Whether the ambiguities in the statute are the result of inadequate drafting or of a conscious choice, born of political compromise, to leave issues for the courts to resolve, they must be construed in favor of the defendant. Under either the definition of gambling as proposed by the defendant or that proposed by the plaintiff:
[A]ll provisions of the federal . . . statute are coherent; no provisions are redundant; and the statute is not rendered utterly absurd. From the face of the statute, there is no more reason to think that [one definition is more correct than the other]. Under a long line of our decisions, the tie must go to the defendant.
Santos, 553 U.S. at 514 (plurality op.). In order to constitute an illegal gambling business under the IGBA, as at common law, the business must operate a game that is predominately a game of chance.
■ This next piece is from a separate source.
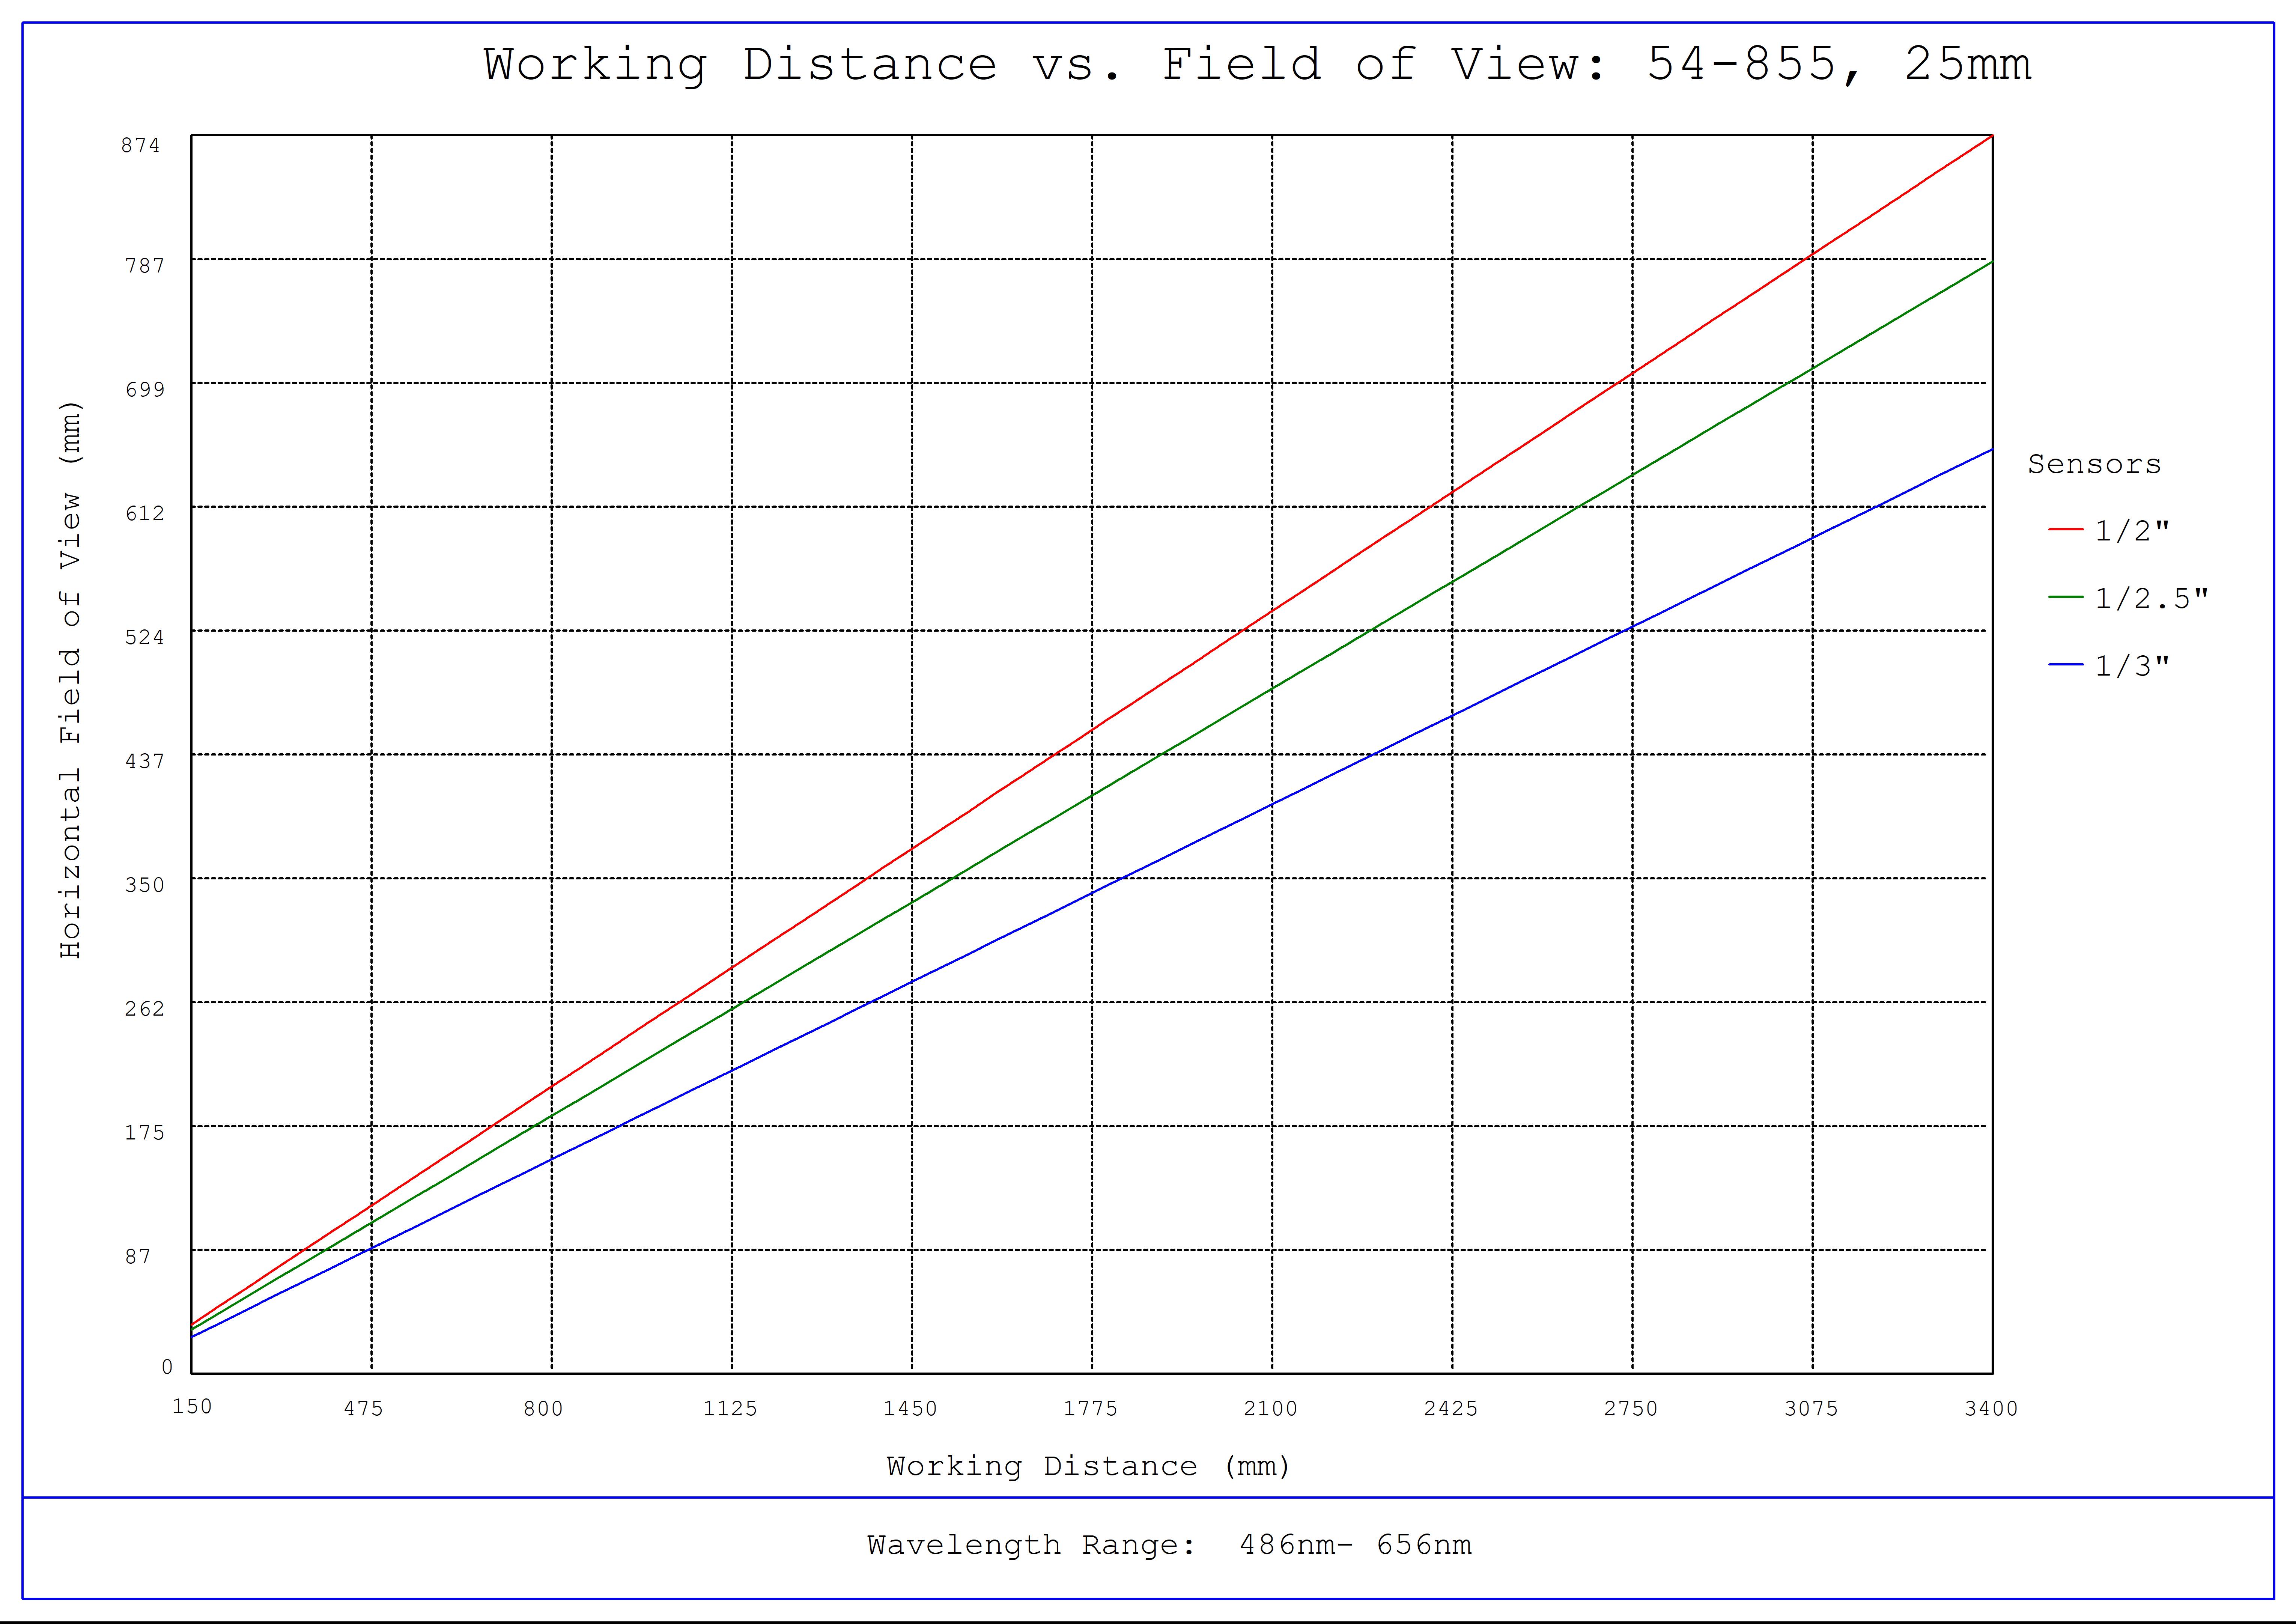 #54-855, f/2.1, 25mm Focal Length Green Series M16 Lens, Working Distance versus Field of View Plot

The government must demonstrate that it is more probable than not that poker is predominated by chance rather than skill. It has failed to do so.
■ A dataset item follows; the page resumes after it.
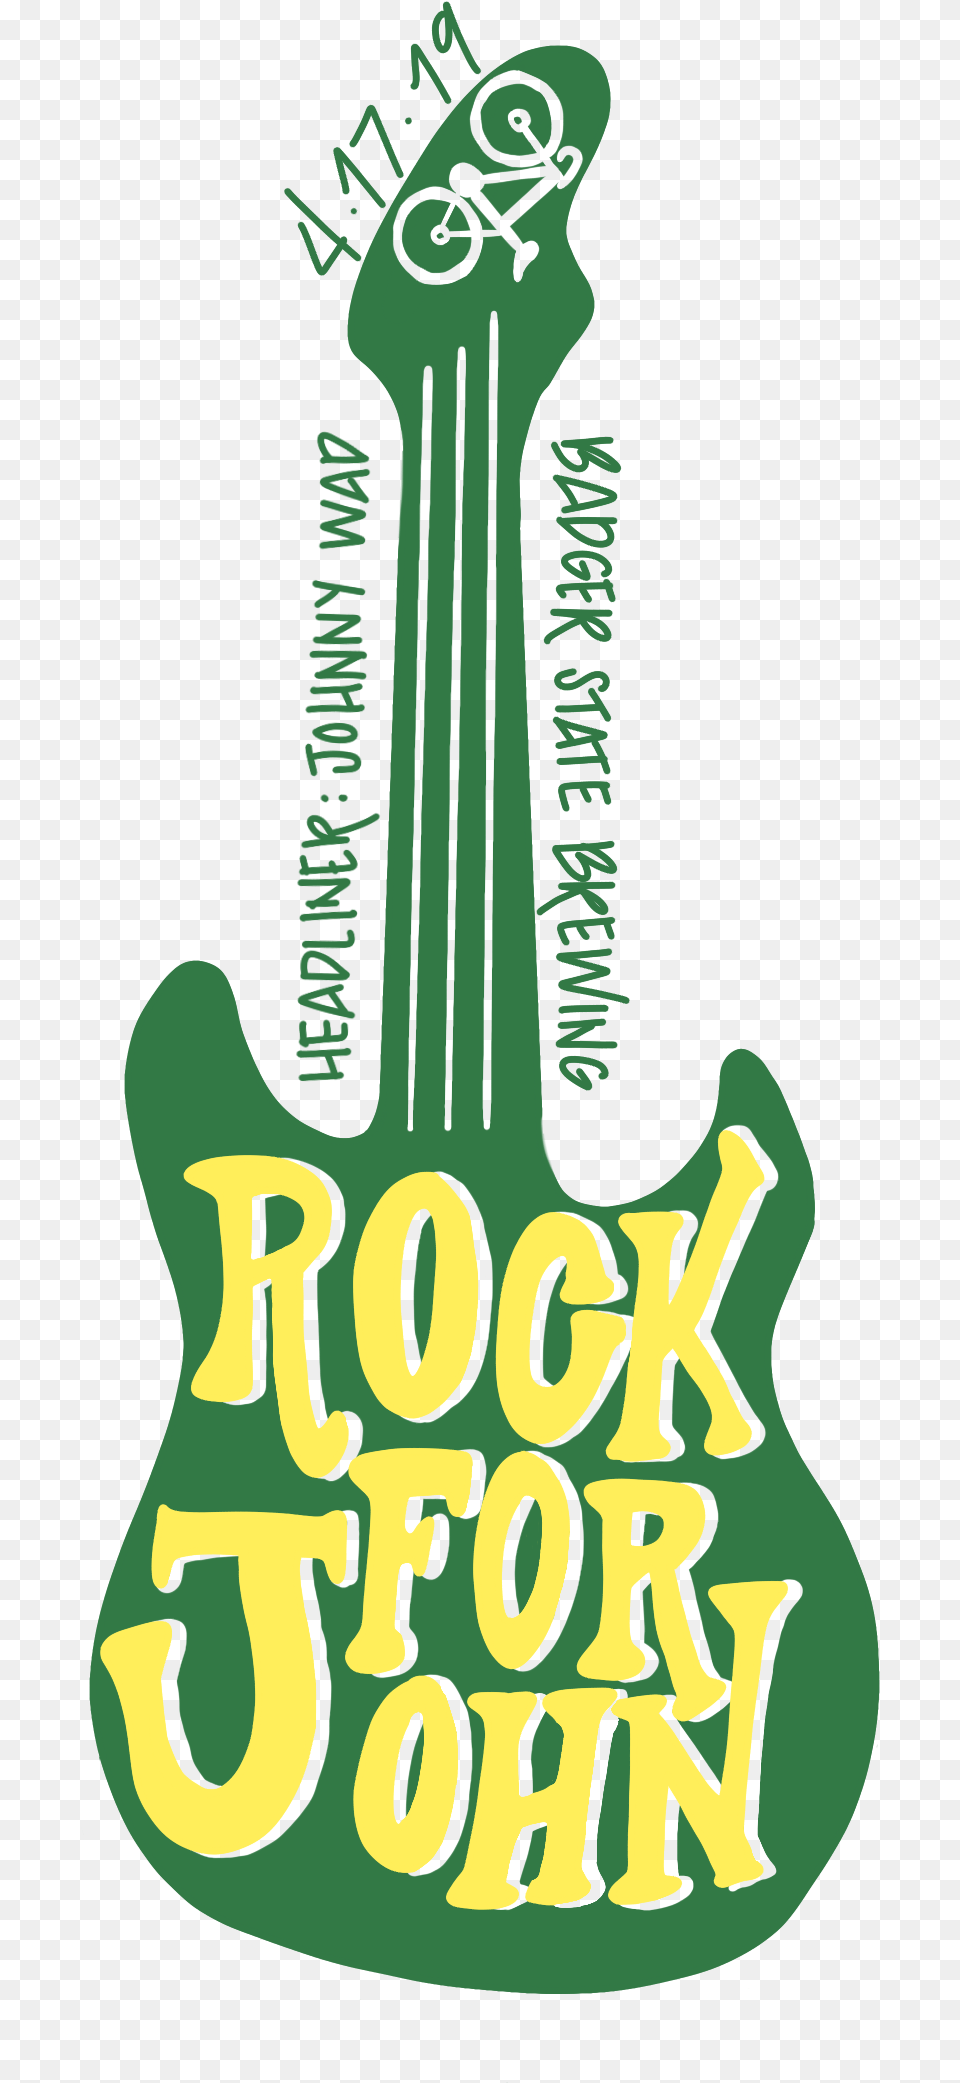 Corey Linsley Asks You To Rock For John Illustration, Guitar, Musical Instrument Free Png

The average poker player is not so highly skilled as to take advantage of an advanced player’s techniques and knowledge; yet skill, when sufficiently honed, makes the difference between winning and losing in poker. See Fig. 2-3, supra, and accompanying text. As in bridge, the champions who can consistently demonstrate that skill underlies success in the game are few. Dr. Heeb has shown persuasively that skilled players will predominated over the less skilled in a relatively short time.
The rule of lenity places the burden of proof on the government. It has failed to show that it is more likely than not that chance predominates over skill in poker. Dr. Heeb’s studies and conclusions are found to be accurate and persuasive by this court, which heard andanalyzed all the evidence. Even were the expert testimony to have left the court in a state of equipoise, the rule of lenity requires that it find in favor of the defendant.
Because the poker played on the defendant’s premises is not predominately a game of chance, it is not gambling as defined by the IGBA. That the statute was targeted at limiting the influence of organized crime, and organized crime groups have operated poker games beginning in the years since its passage, does not retroactively change the statute’s scope. “The statute should not be extended . . . simply because it may seem to us that a similar policy applies, or upon the speculation that if the legislature had thought of it, very likely broader words would have been used.” McBoyle, 283 U.S. at 27.
Neither the text of the IGBA nor its legislative history demonstrate that Congress designed the statute to cover all state gambling offenses. Nor does the definition of "gambling" include games, such as poker, which are predominated by skill. The rule of lenity compels a narrow reading of the IGBA, and dismissal of defendant's conviction.